Here is a Punnett square showing basic concepts of Mendelian genetics:
Each form of the gene is called an allele: “B” represents the dominant allele, or the healthy gene form; “b” represents the recessive allele.
If both parents are phenotypically “normal,” the only way they would be able to have any offspring with this disease is if they were both carriers, meaning they each have one dominant and one recessive allele. In this way, they are said to be heterozygous for this trait, the genotype of which is represented as “Bb.” For any child they conceive, there would exist a 25% chance of that child inheriting two recessive alleles. This is referred to as being homozygous recessive, the genotype of which is represented as “bb.” Only homozygous recessive children will express the disease.
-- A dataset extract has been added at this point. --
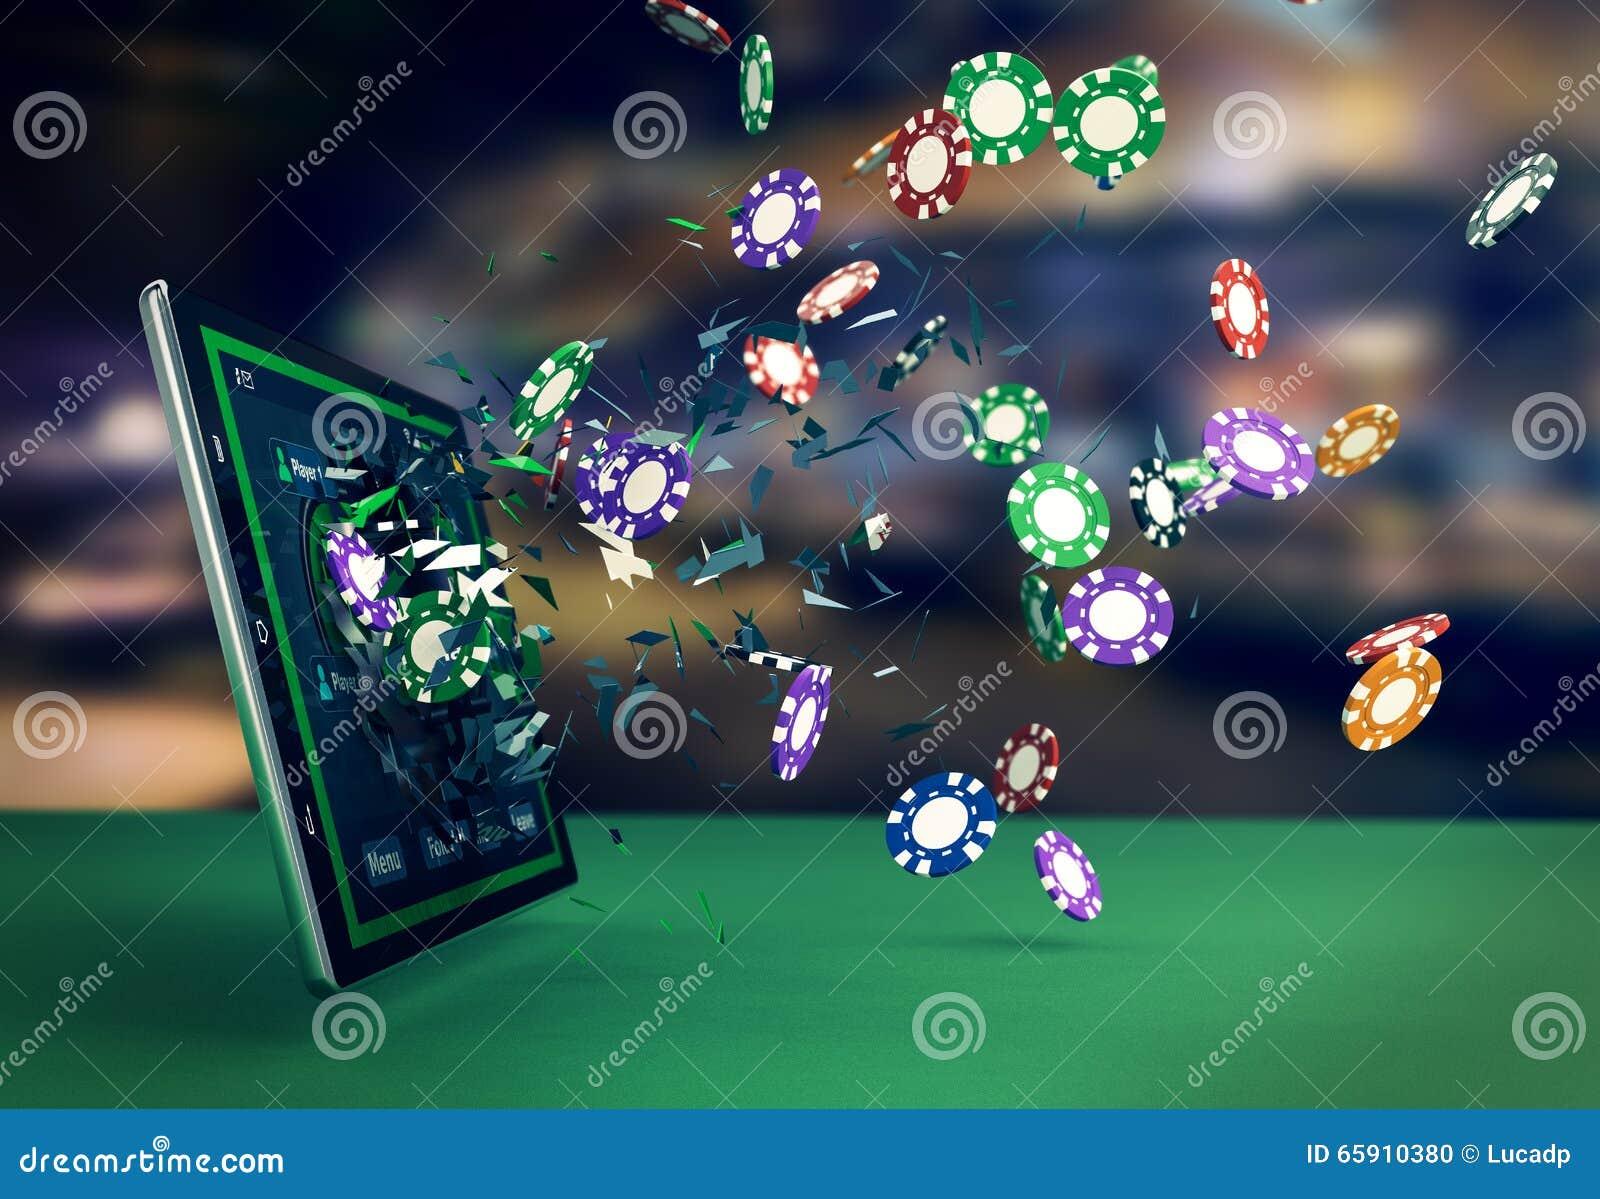 pokerstars ipad app cashier
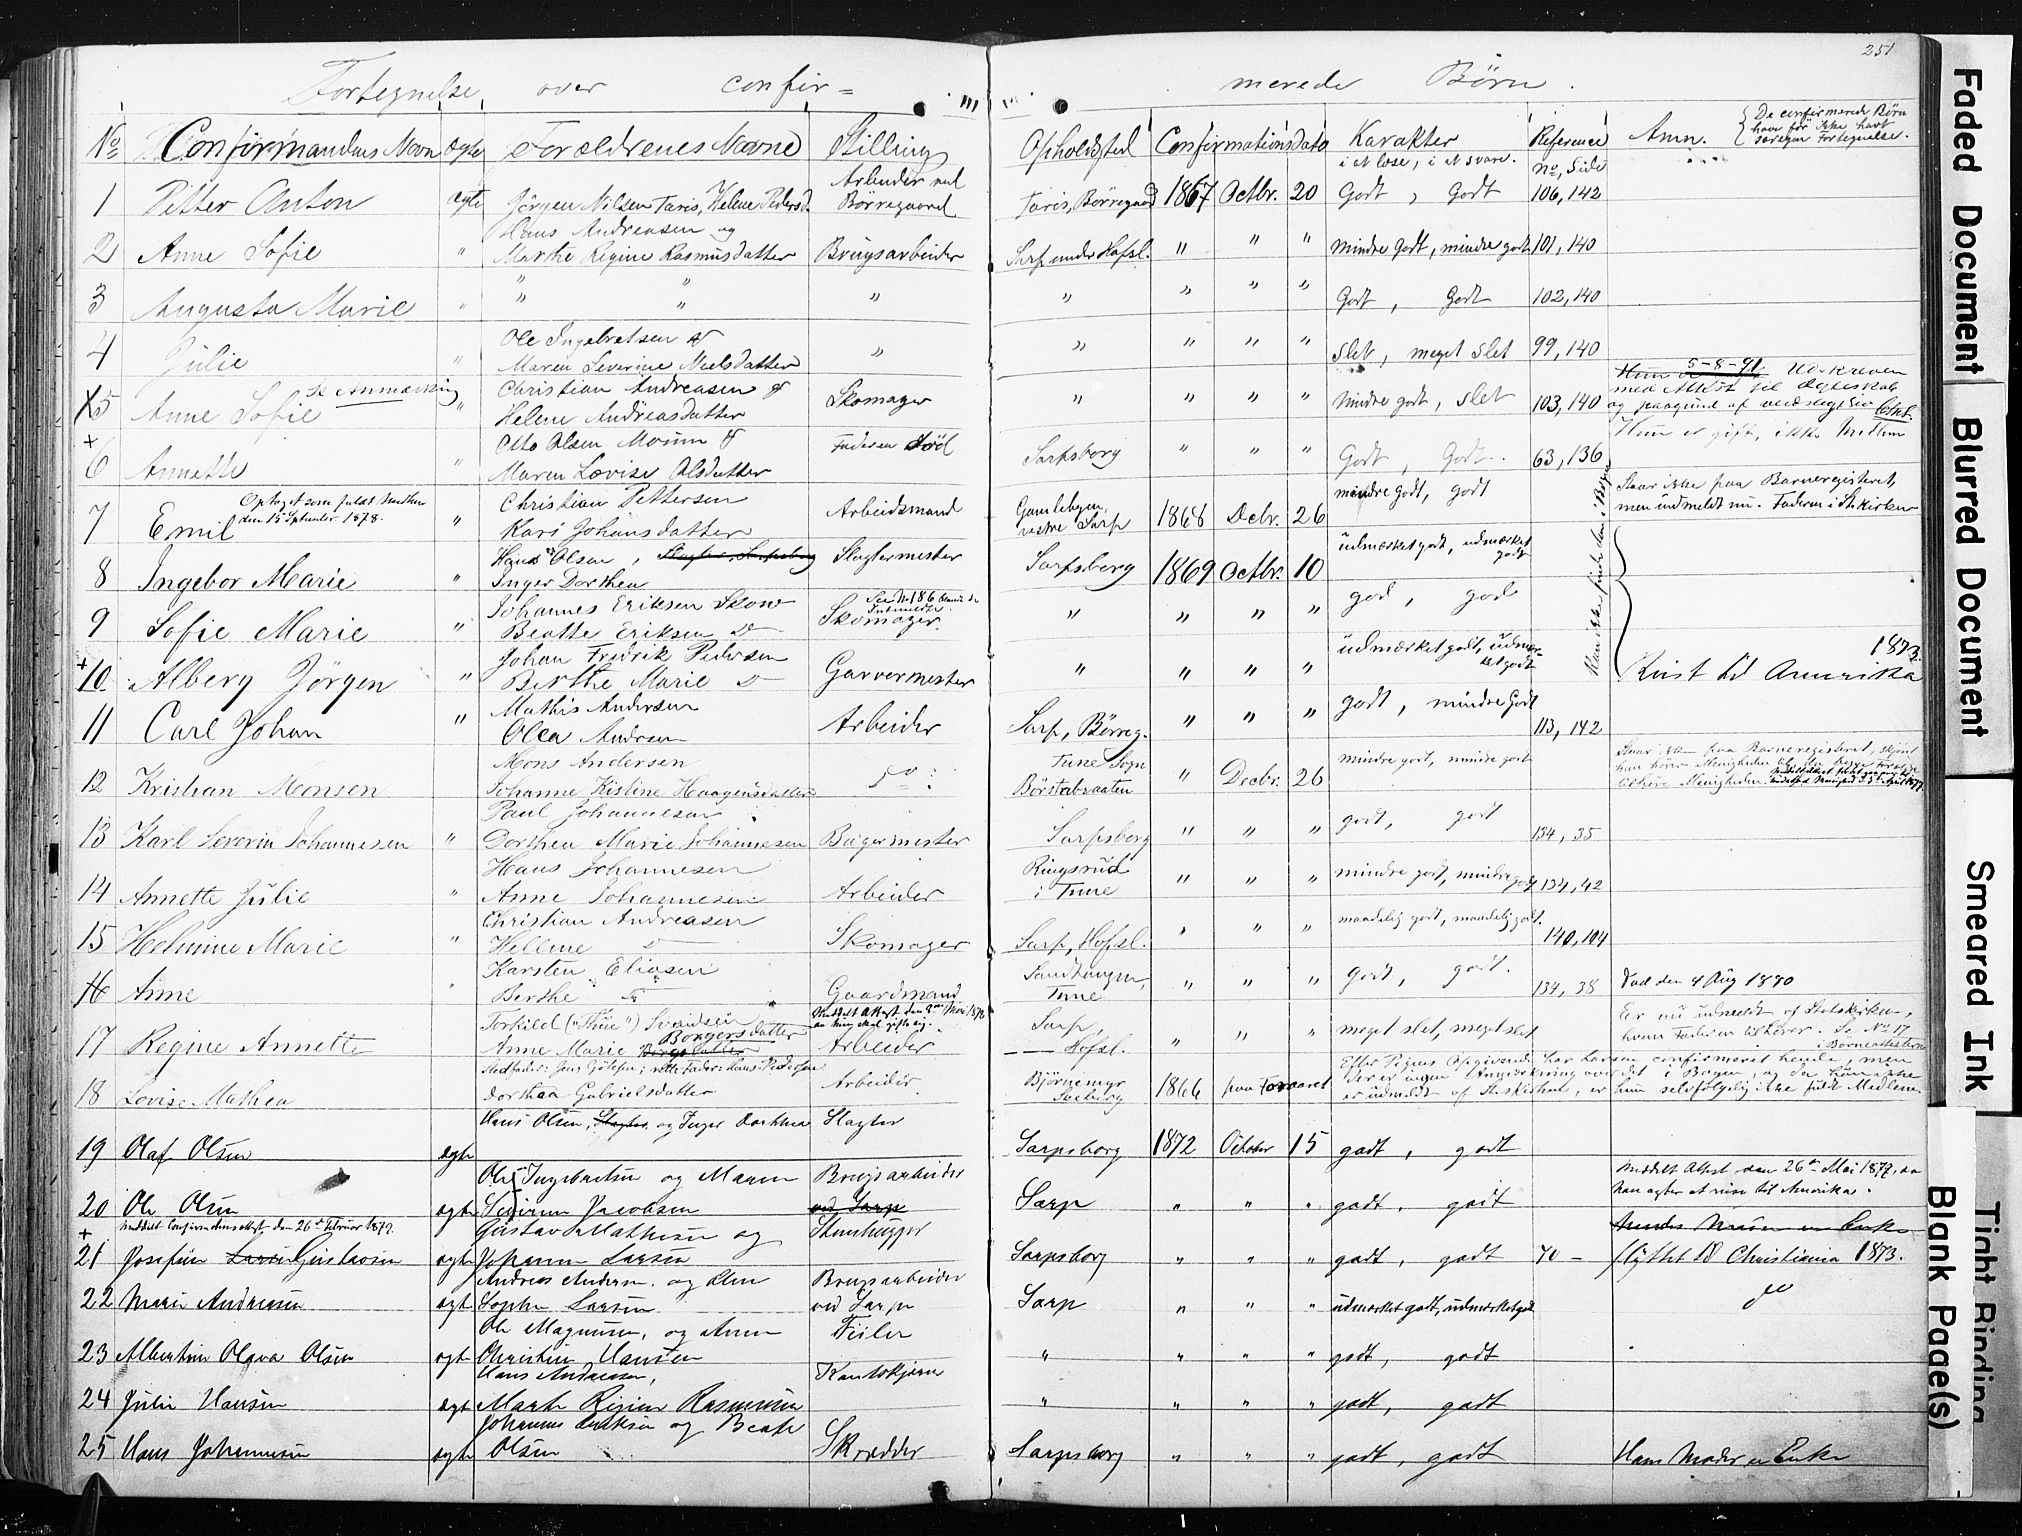 SAO, Sarpsborg metodistkirke, A/L0001: Dissenterprotokoll nr. 1, 1856-1875, s. 251

Since the protagonist of this novel has unluckily inherited both recessive alleles, one from each of his parents, he ends up with the disorder. So what is
this disorder, exactly? The 5α-Reductase gene codes for an enzyme which converts testosterone into a potent sex steroid called dihydrotestosterone
, or DHT, which plays a fundamental role in the formation of the male sex organs. Since disease subjects do not have the ability to convert testosterone into DHT, they end up with too much testosterone and not enough DHT, which in some cases leads to the formation of ambiguous genitalia.
These ambiguous genitalia form one of the many, but probably the most interesting, subjects of the novel. The author begins by tracing the history of these recessive alleles back through the family lineage before elegantly leading us to the budding of the protagonist’s crocus: his ambiguous little penis stub
(yes, you should click there; and yes, you should see that movie). Perhaps not surprisingly, the historical tracing reveals some ancestral inbreeding, as well. And since the protagonist is still genotypically male (even though he doesn’t know it and neither do his parents or anybody else), the real fun begins when he enters puberty.
When I met with my book club to talk about this fantastic novel, a few pronoun choices were used for describing the protagonist: he, she, he-she-it, etc. But all joking aside, the protagonist is male. He is male by genotypic definition (he has two healthy sex chromosomes, one of which is a Y), and he sexually identifies himself as male which is consistent with other real-life sufferers of 5α-Reductase deficiency.